§ **What the task asks**
Output a character-exact copy of the data, images removed.

§ **Data provided**
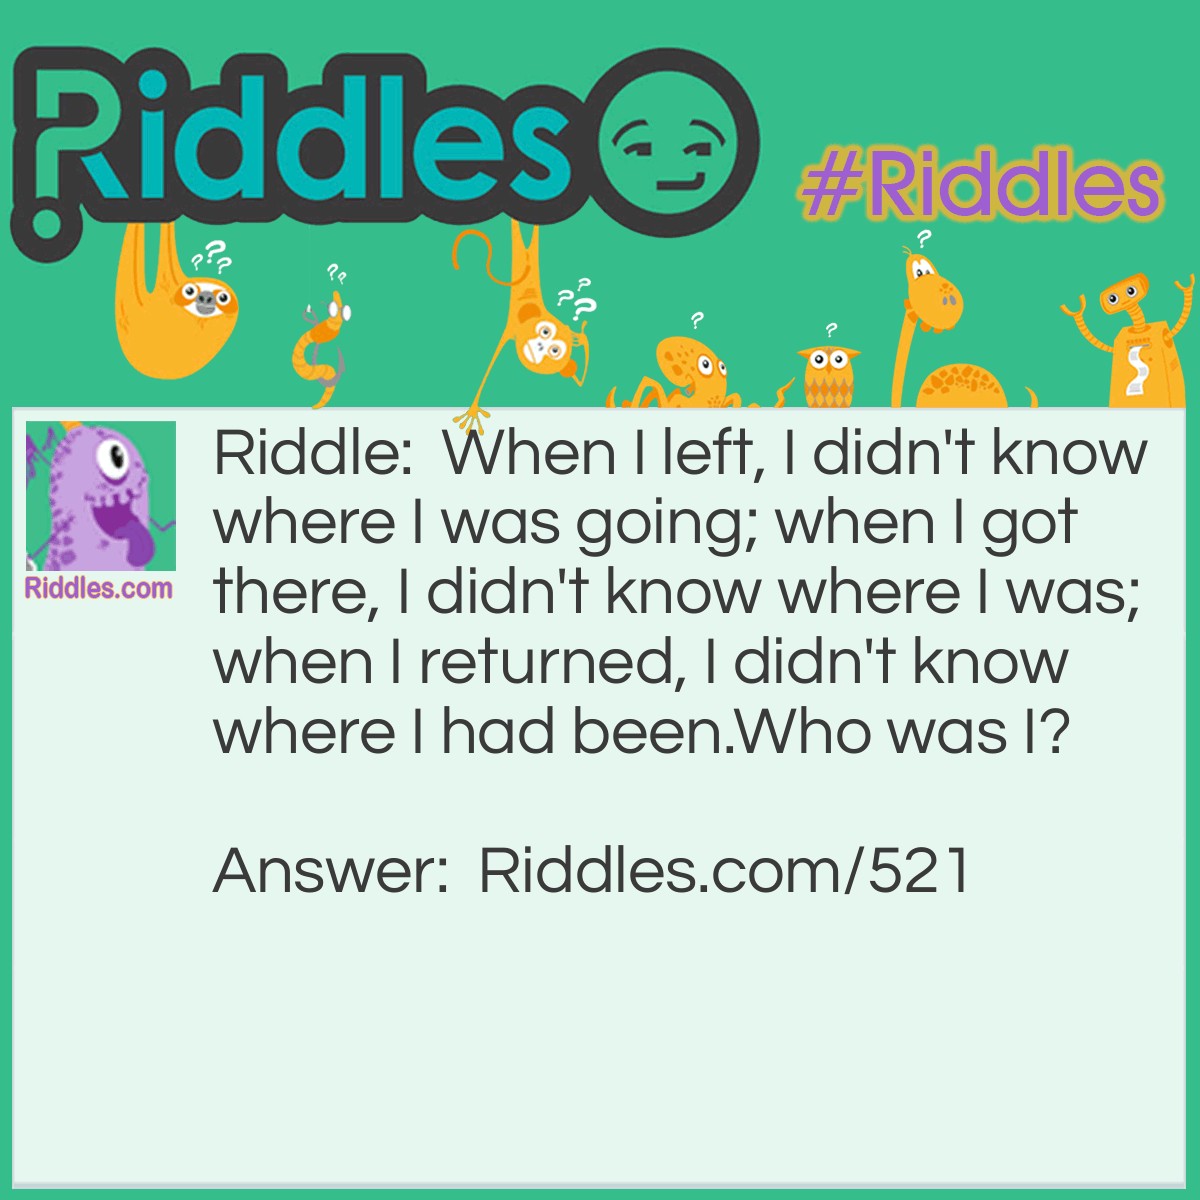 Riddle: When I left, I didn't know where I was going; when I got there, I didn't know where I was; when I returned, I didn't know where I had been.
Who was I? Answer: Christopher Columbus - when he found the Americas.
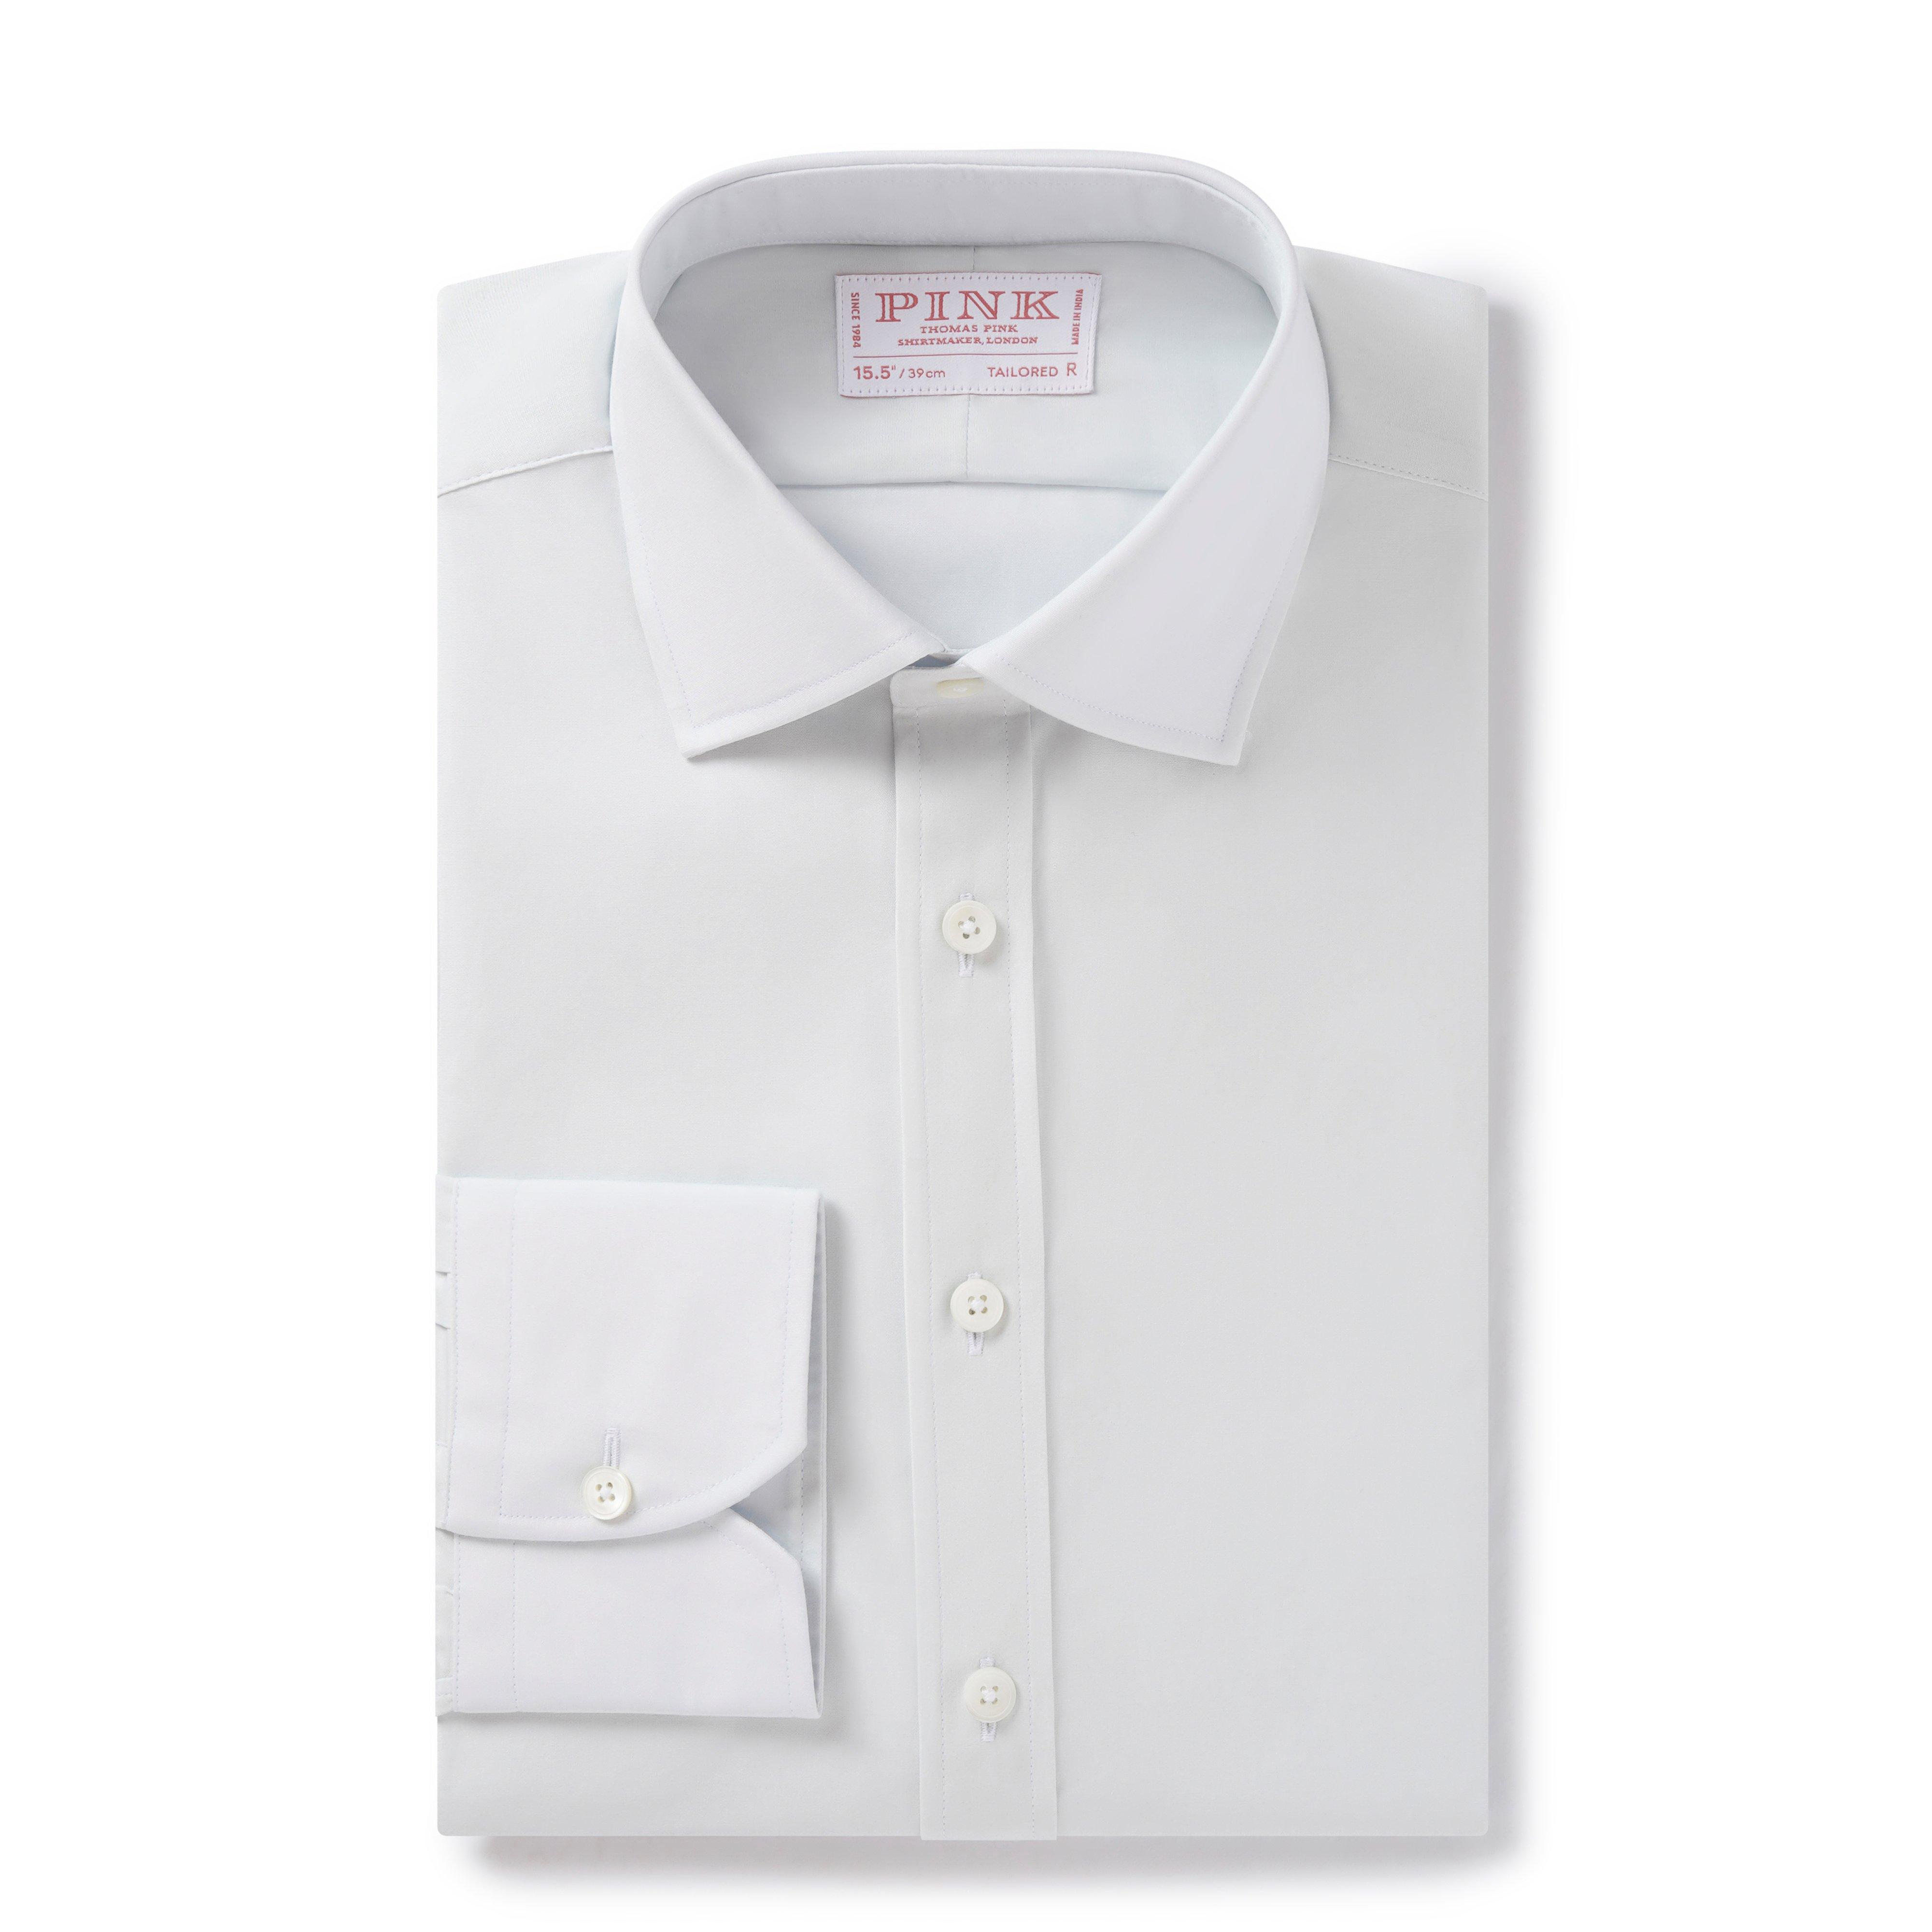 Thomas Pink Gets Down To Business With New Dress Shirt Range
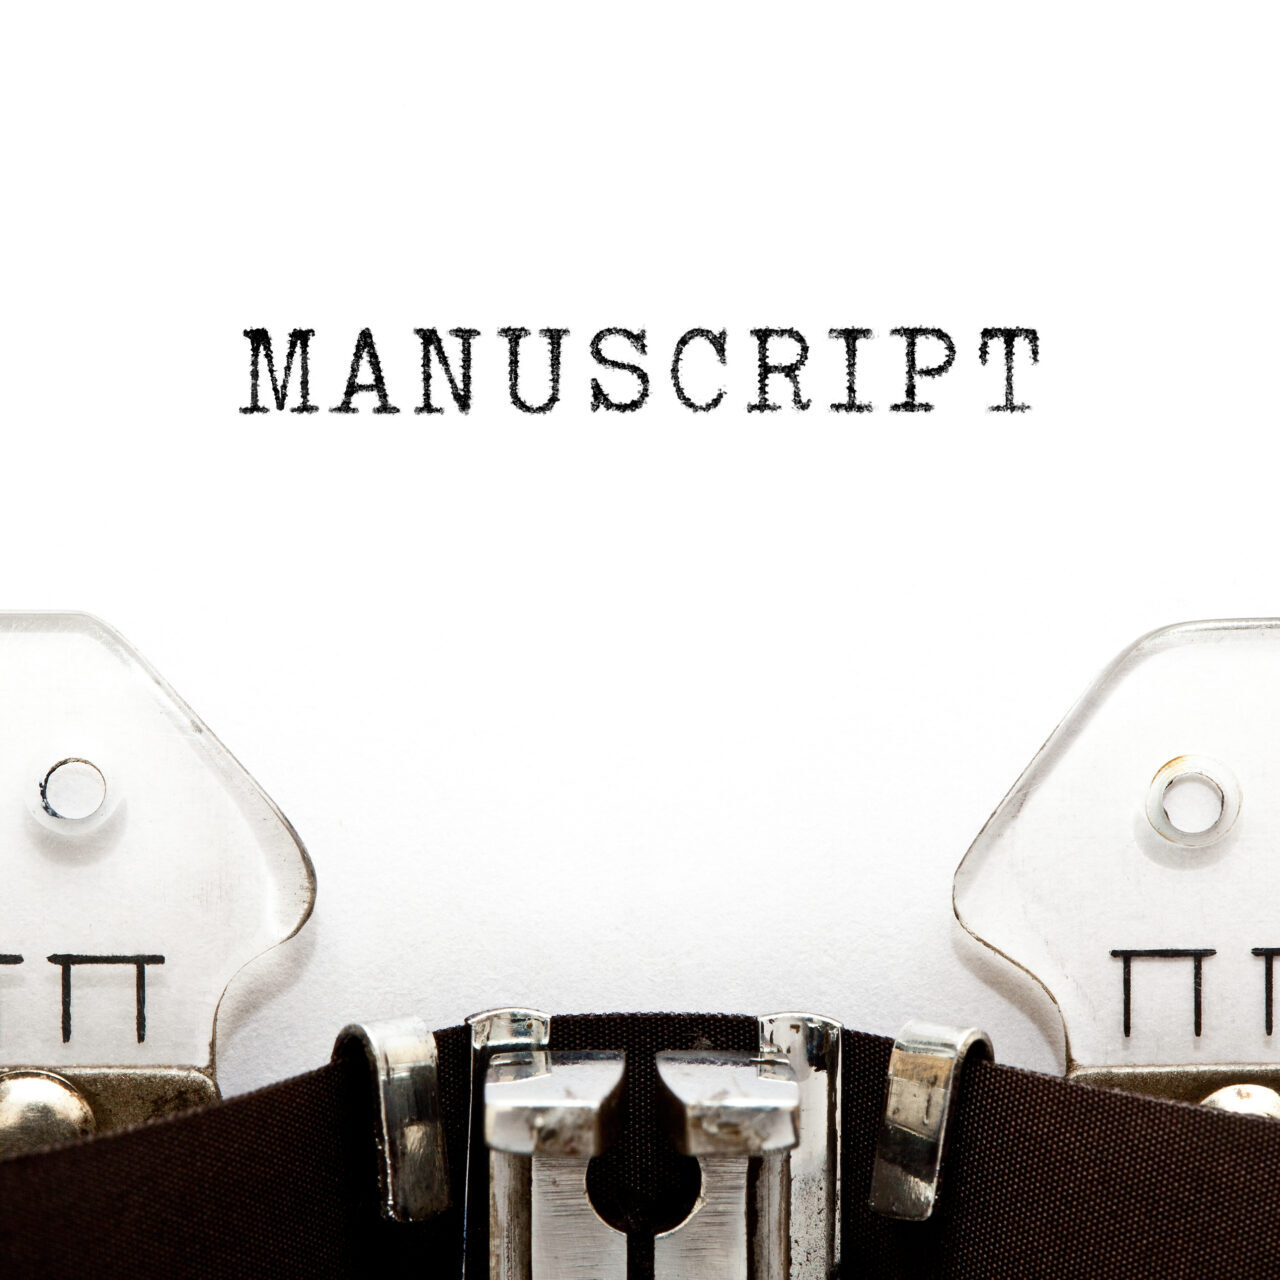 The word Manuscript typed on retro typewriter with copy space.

§ **Answer area**
 Riddle: When I left, I didn't know where I was going; when I got there, I didn't know where I was; when I returned, I didn't know where I had been.
Who was I? Answer: Christopher Columbus - when he found the Americas.
 Thomas Pink Gets Down To Business With New Dress Shirt Range
 The word Manuscript typed on retro typewriter with copy space.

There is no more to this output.